Studio album by Susie Suh
- Released: March 29, 2005
- Length: 40:35
- Label: Epic
- Producer: Glen Ballard

Susie Suh chronology
|  | Susie Suh (2005) | The Bakman Tapes, Pt. 1 (2009) |

= Susie Suh (album) =

Susie Suh is the debut album by American singer-songwriter Susie Suh. It was released on Epic Records in 2005. The CD is marked with the Copy Control logo.

==Critical reception==

Alex Henderson of AllMusic concludes his review with, "The singer/songwriter field is amazingly crowded these days, but Suh is a cut above many of the female singer/songwriters who emerged in the early and mid-2000s and shows considerable promise on her first album."
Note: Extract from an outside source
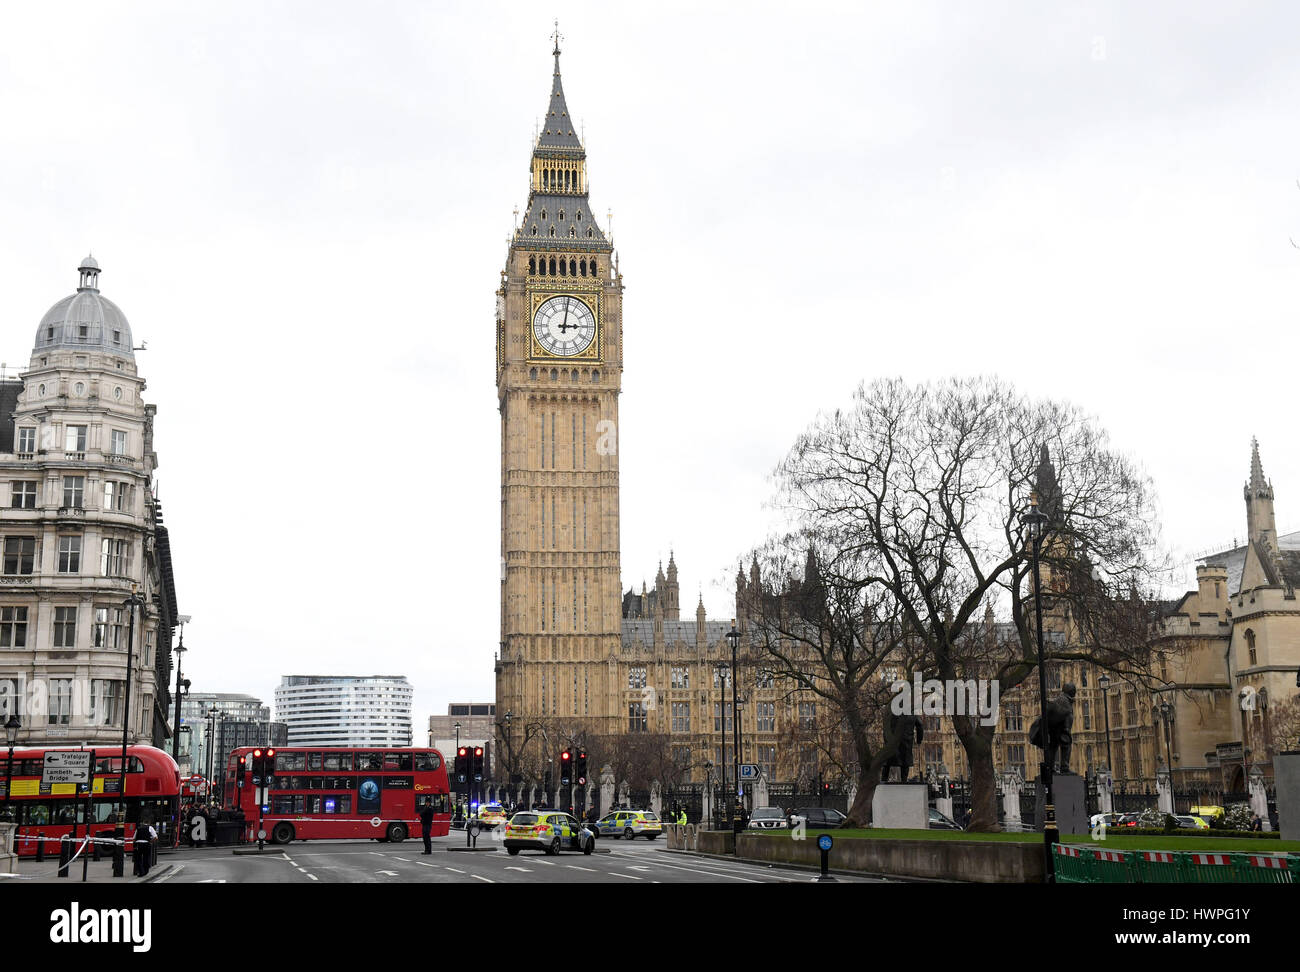 Polizei außerhalb des Palace of Westminster, London, nachdem klingt ähnlich wie Schüsse in der Nähe des Palace of Westminster gehört worden. Ein Mann mit einem Messer innerhalb der Grenzen des Palastes gesehen wurde, sagten Augenzeugen. Stockfoto

Liane Hansen of NPR wrote, "Suh's lyrics are introspective. And though she shares a homonym with wailer Siouxsie Sioux of Banshees fame, her music is on the softer side."

Professional ratings
Review scores
| Source | Rating |
| AllMusic |  |

==Track listing==

| No. | Title | Length |
|---|---|---|
| 1. | "Won't You Come Again" | 3:45 |
| 2. | "Your Battlefield" | 4:04 |
| 3. | "Shell" | 4:24 |
| 4. | "Harmony" | 3:52 |
| 5. | "Seasons Change" | 5:02 |
| 6. | "Light on My Shoulder" | 4:19 |
| 7. | "Lucille" | 3:16 |
| 8. | "Petrified to Be God-Like" | 4:10 |
| 9. | "Recognition" | 3:23 |
| 10. | "All I Want" | 4:20 |
| Total length: |  | 40:35 |

==Media appearances==
"Recognition", "All I Want", "Seasons Change", and "Light on My Shoulder" have been played in the American drama series One Tree Hill. "Shell" was featured on the soundtrack to the film Must Love Dogs.

==Personnel==

===Musicians===

- Susie Suh – guitar, piano, vocals
- Glen Ballard – keyboards, piano, string arrangements
- Matt Chamberlain – drums
- Jimmy Johnson – bass
- Michael Landau – guitar
- Tim Pierce – guitar
- Benmont Tench – organ (Hammond), piano, music contractor

===Production===

- Glen Ballard – producer
- Charles Koppelman – executive producer
- Don Rubin – executive producer
- Doug Sax – mastering
- Tom Sweeney – assistant engineer
- Kevin Mills – assistant engineer
- Scott Campbell – engineer, mixing
- Jez Colin – mixing
- Michelle Holme – art direction
- Sheri G. Lee – art direction
- Jolie Levine-Aller – music contractor, production coordination

Track information and credits adapted from the album's liner notes.